▶ _WORK ITEM_
Please reproduce all the data exactly as written and omit the pictures.

▶ _MATERIAL PROVIDED_
──────────────────────────────

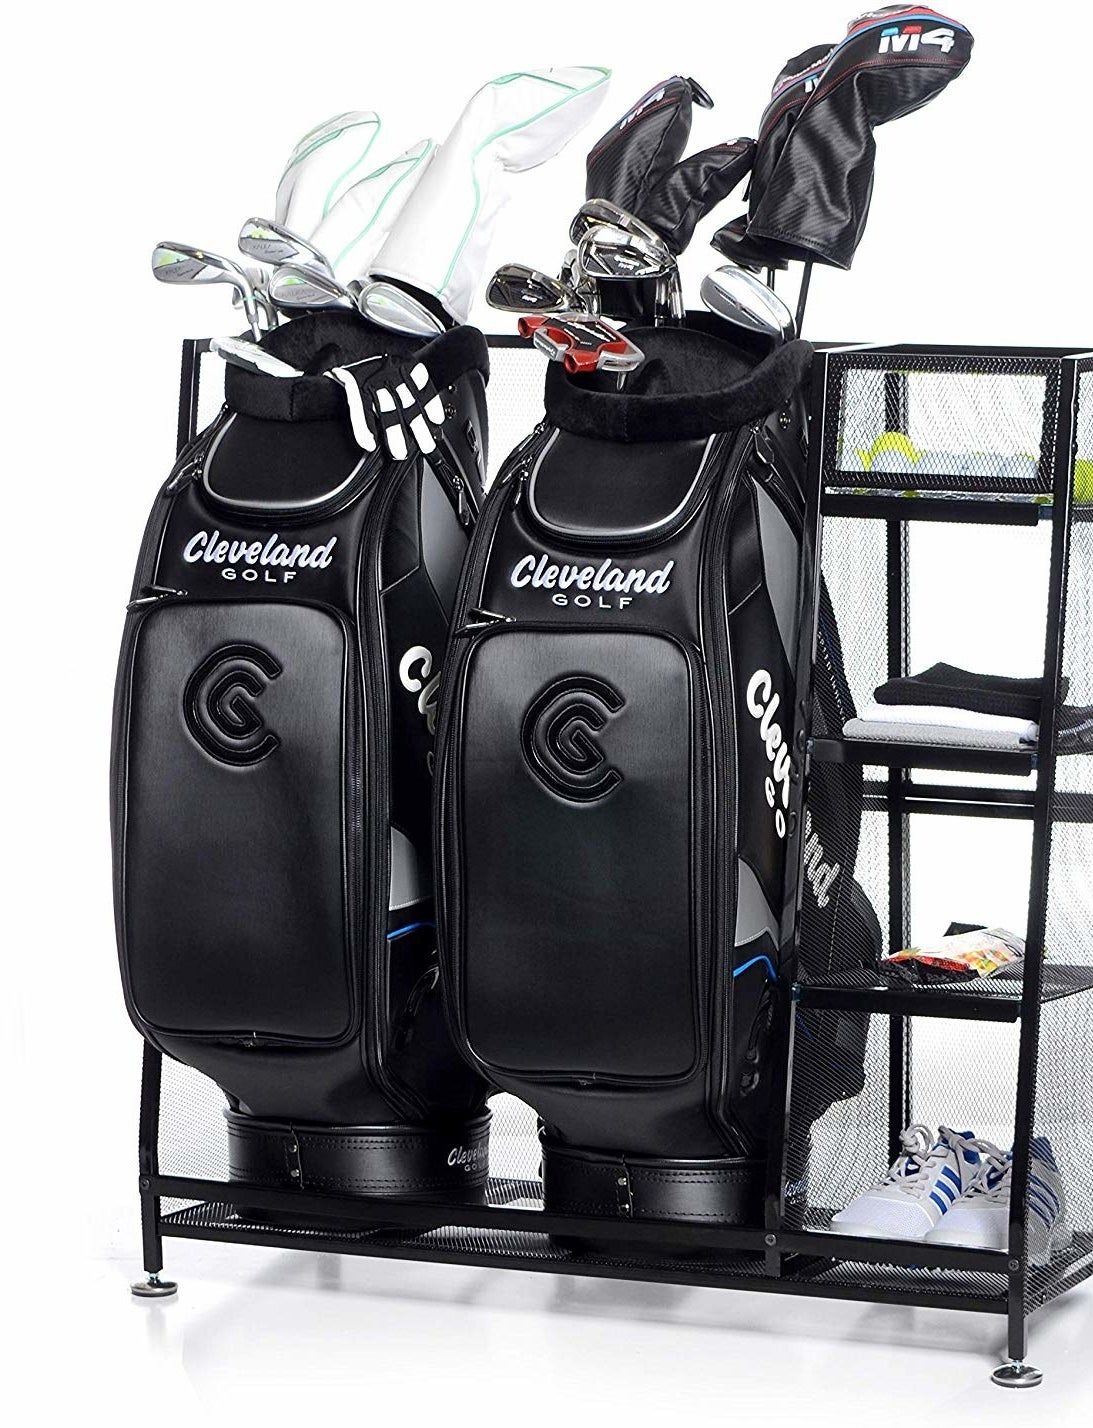 rack storing two full golf bags full of equipment, plus four shelves storing shoes, balls, or extra items
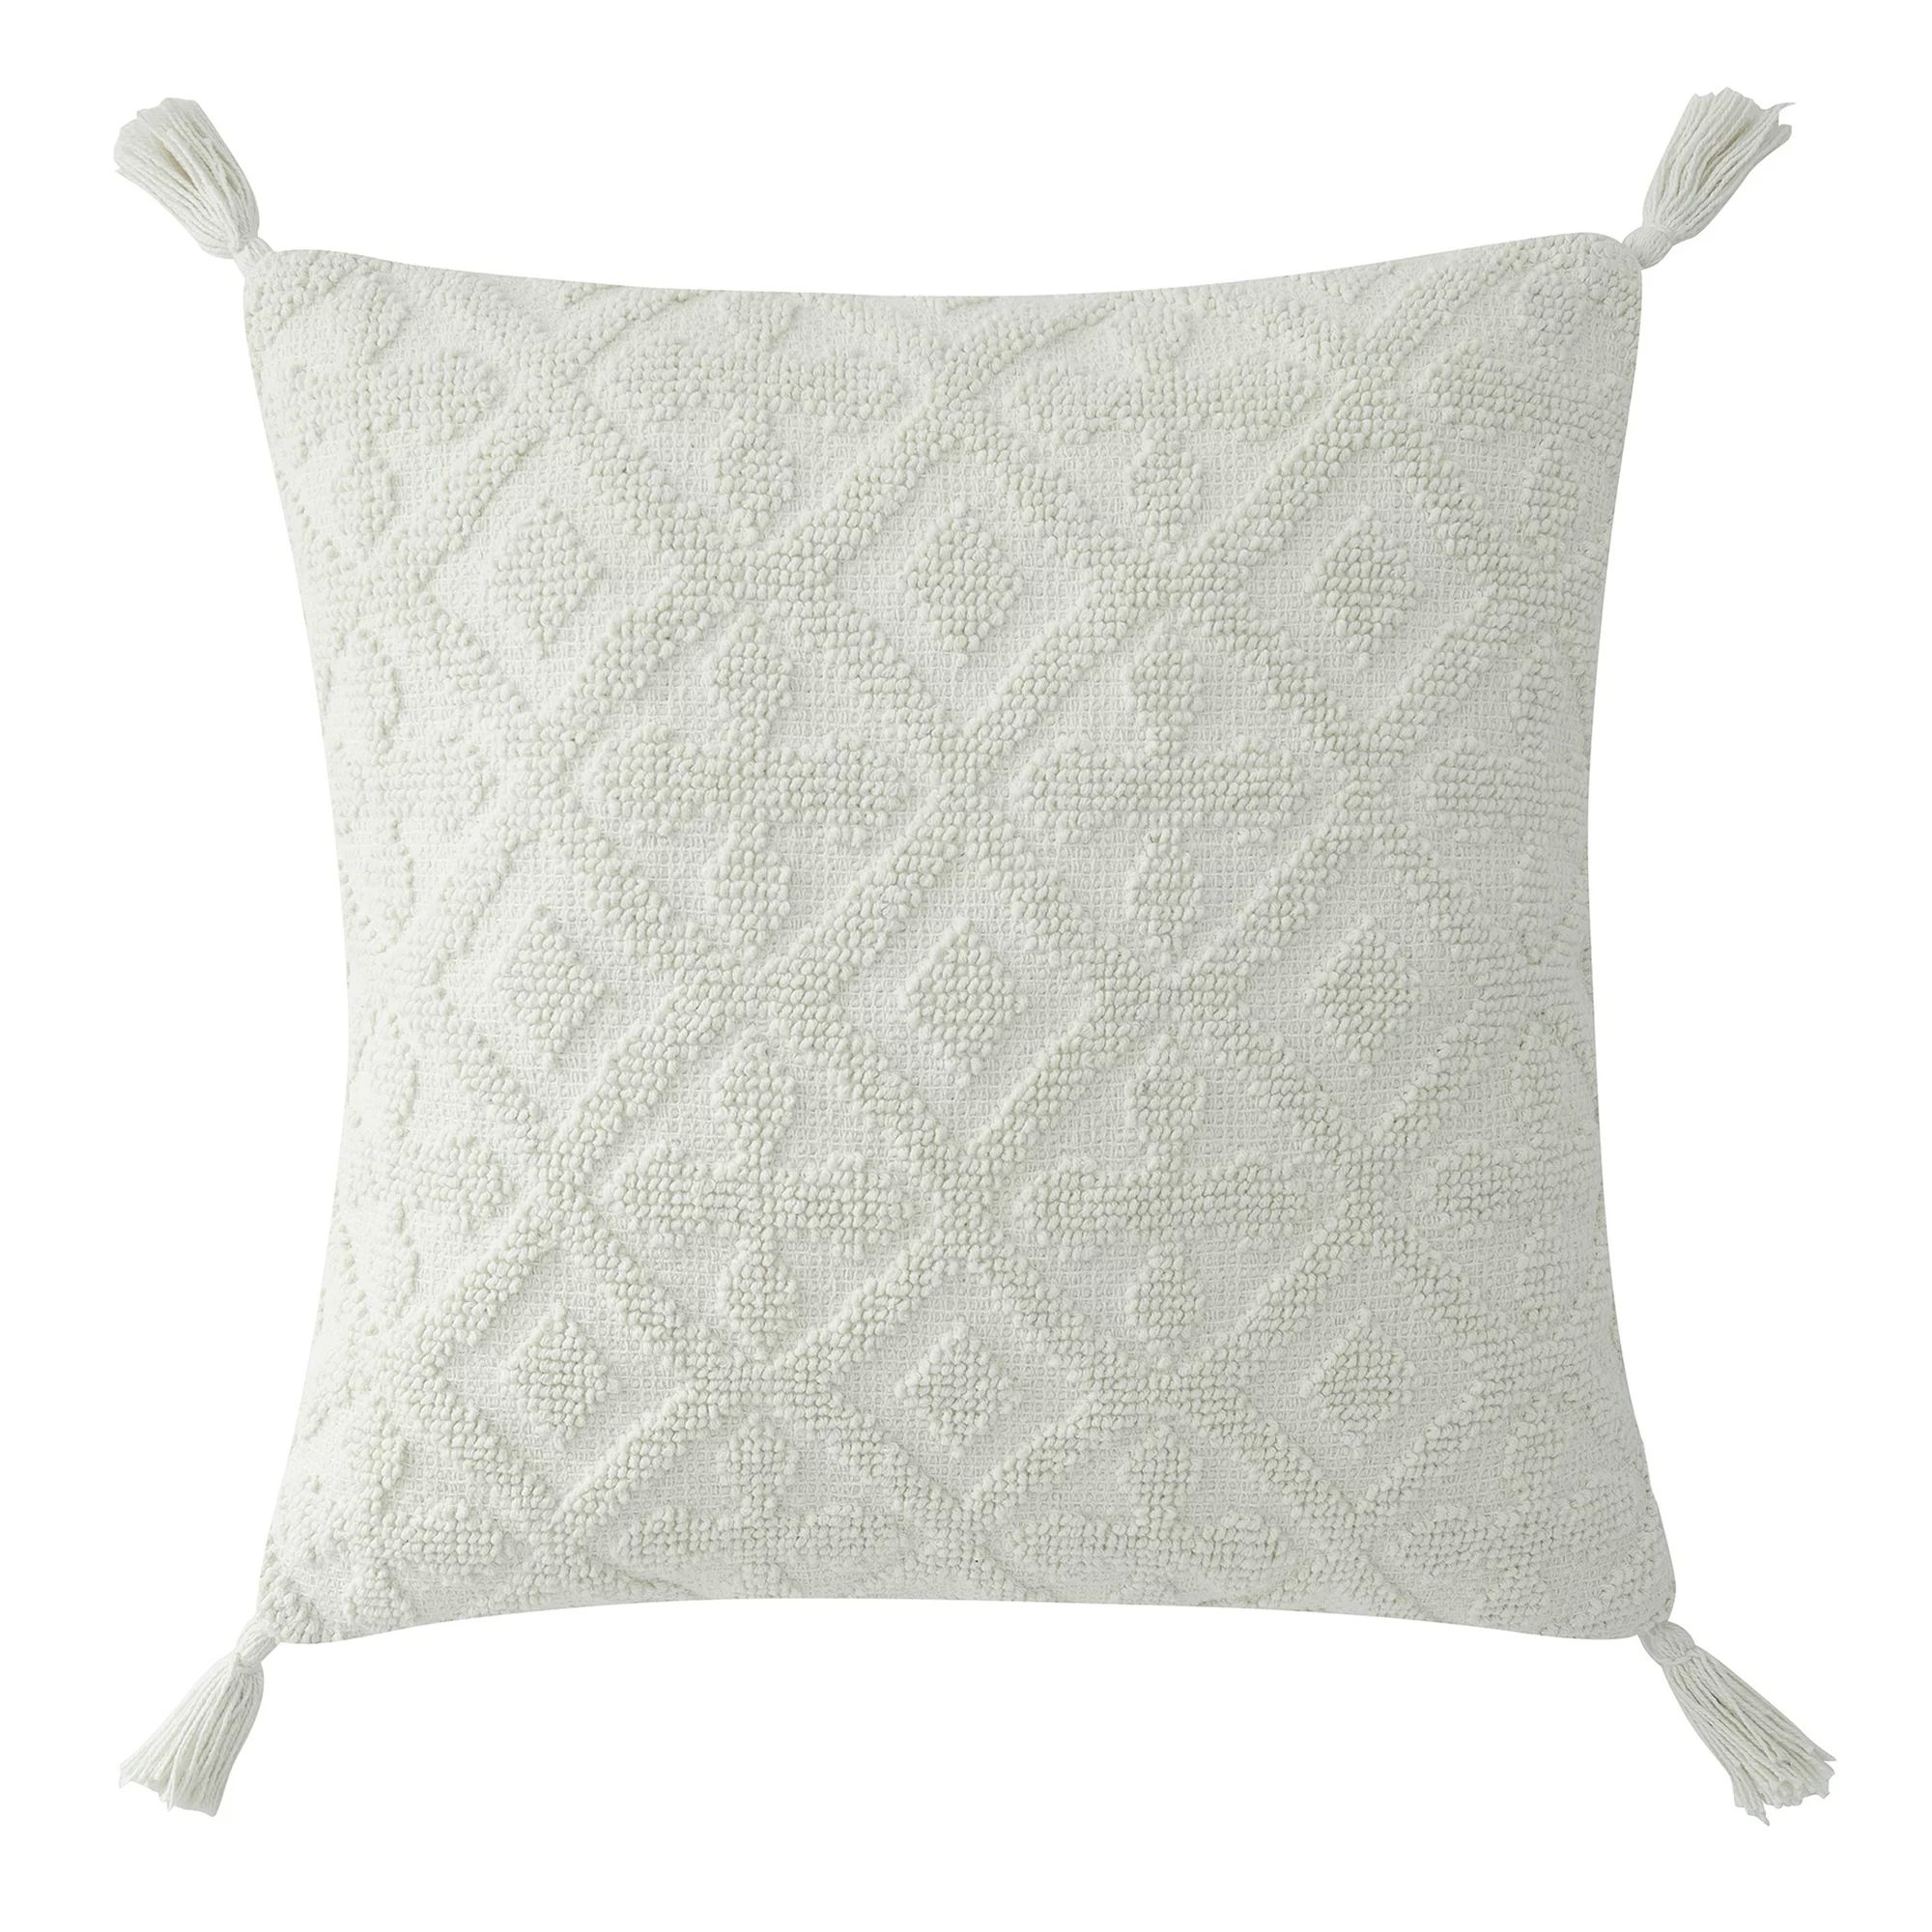 My Texas House Sutton Cotton Tufted Decorative Pillow Cover, 20"x20", Coconut Milk | Walmart (US)
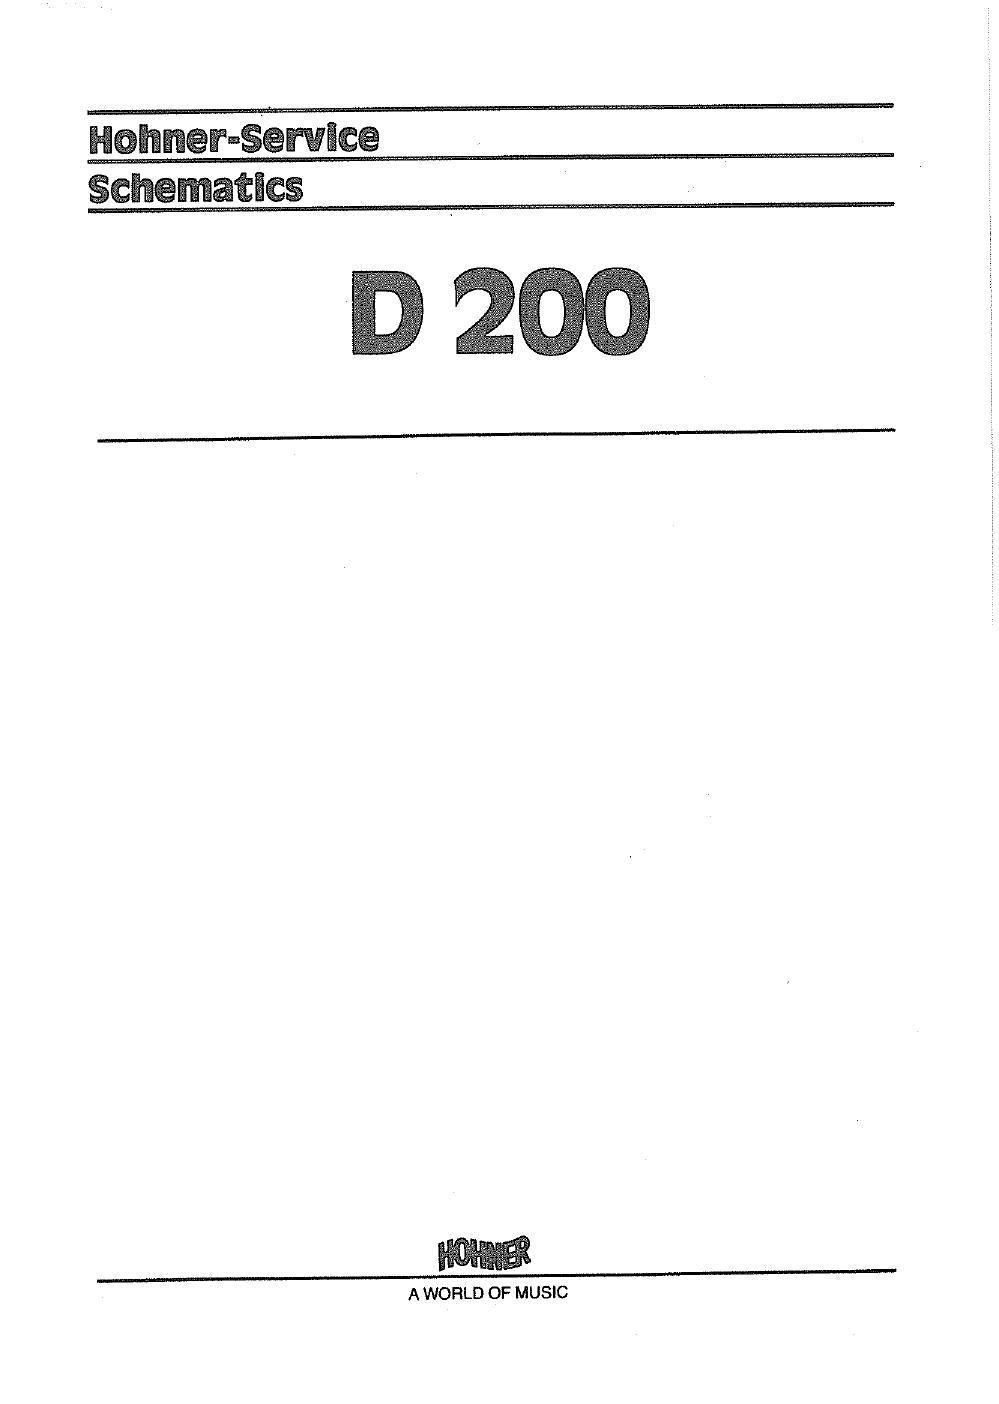 hohner symphony d200 service manual
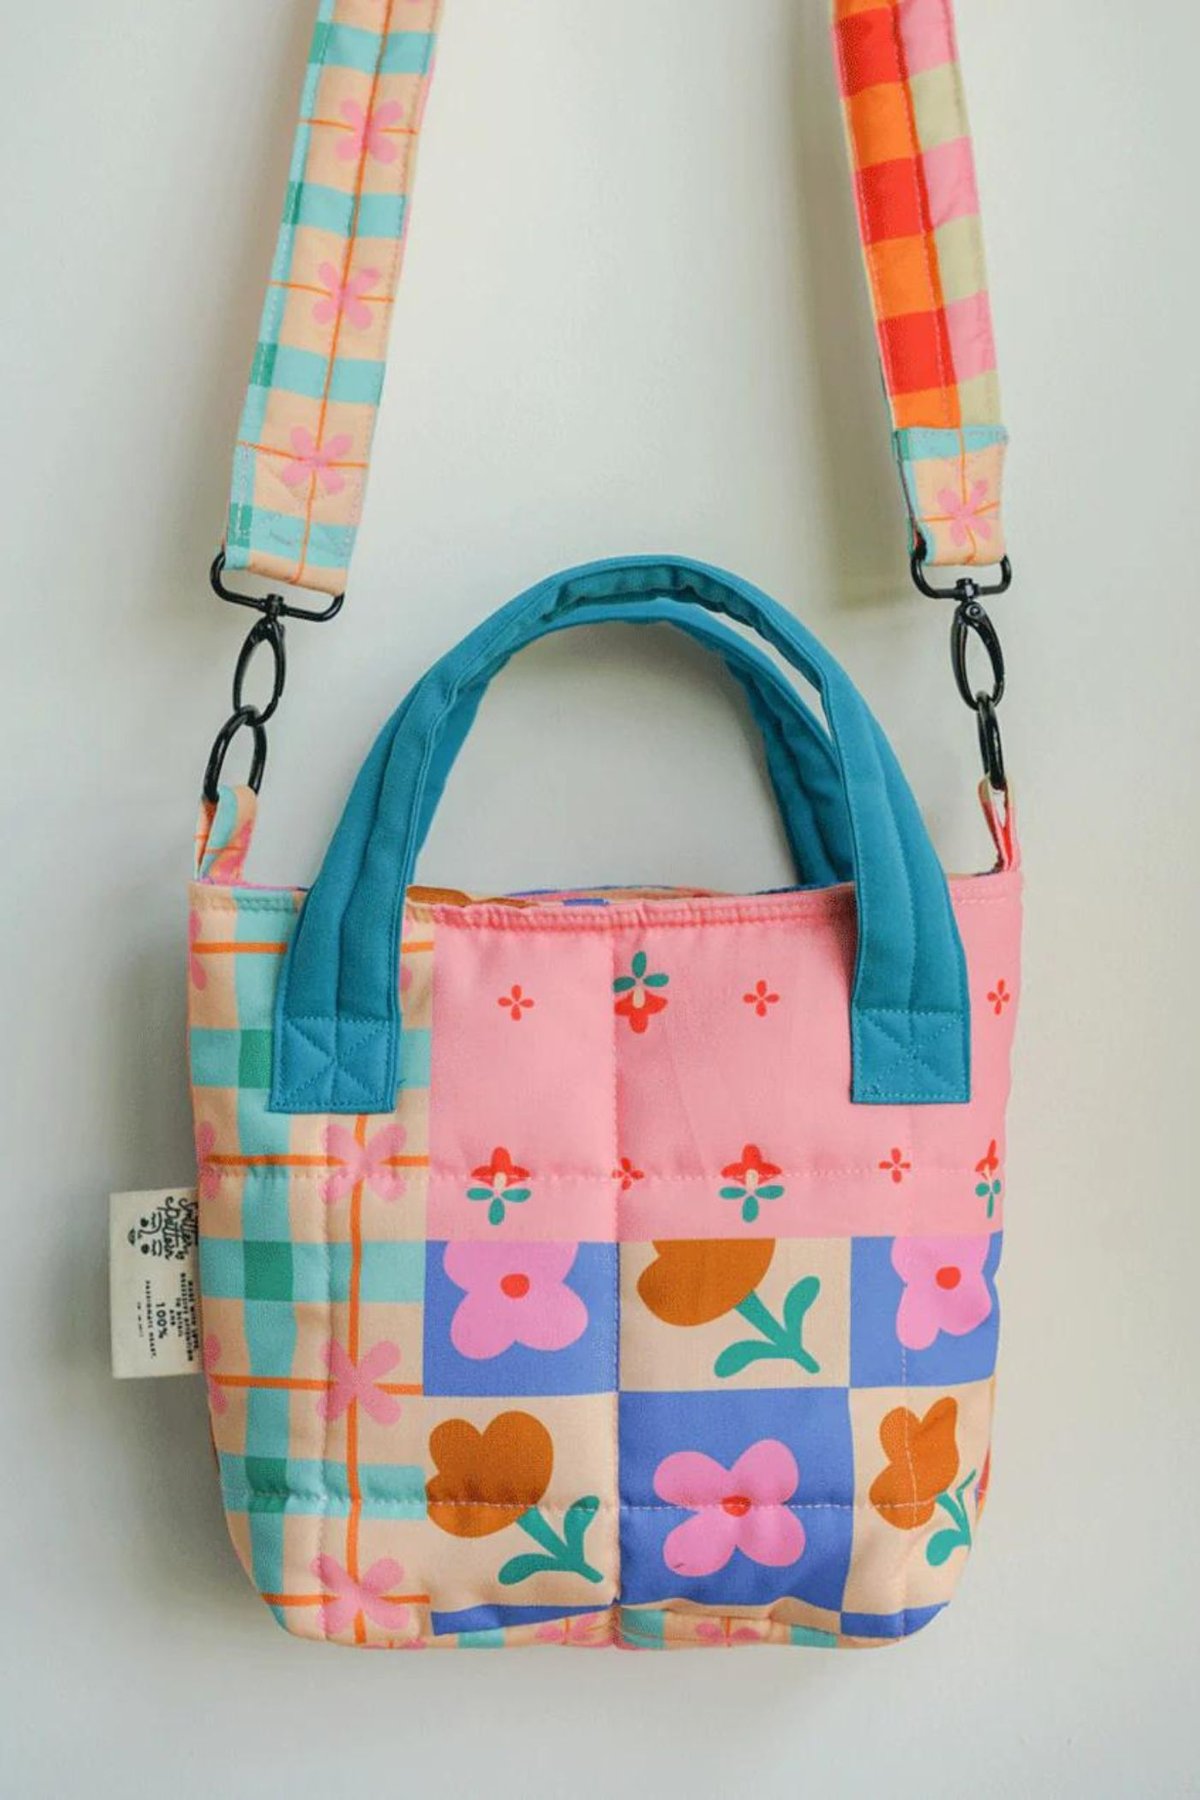 Smitten By Pattern (Mini Marshmallow Bag - Flower Brick)

──────────────────────────────

▶ _ANSWER TO THIS TASK_
 rack storing two full golf bags full of equipment, plus four shelves storing shoes, balls, or extra items
 My Texas House Sutton Cotton Tufted Decorative Pillow Cover, 20"x20", Coconut Milk | Walmart (US)
 hohner symphony d200 service manual
 Smitten By Pattern (Mini Marshmallow Bag - Flower Brick)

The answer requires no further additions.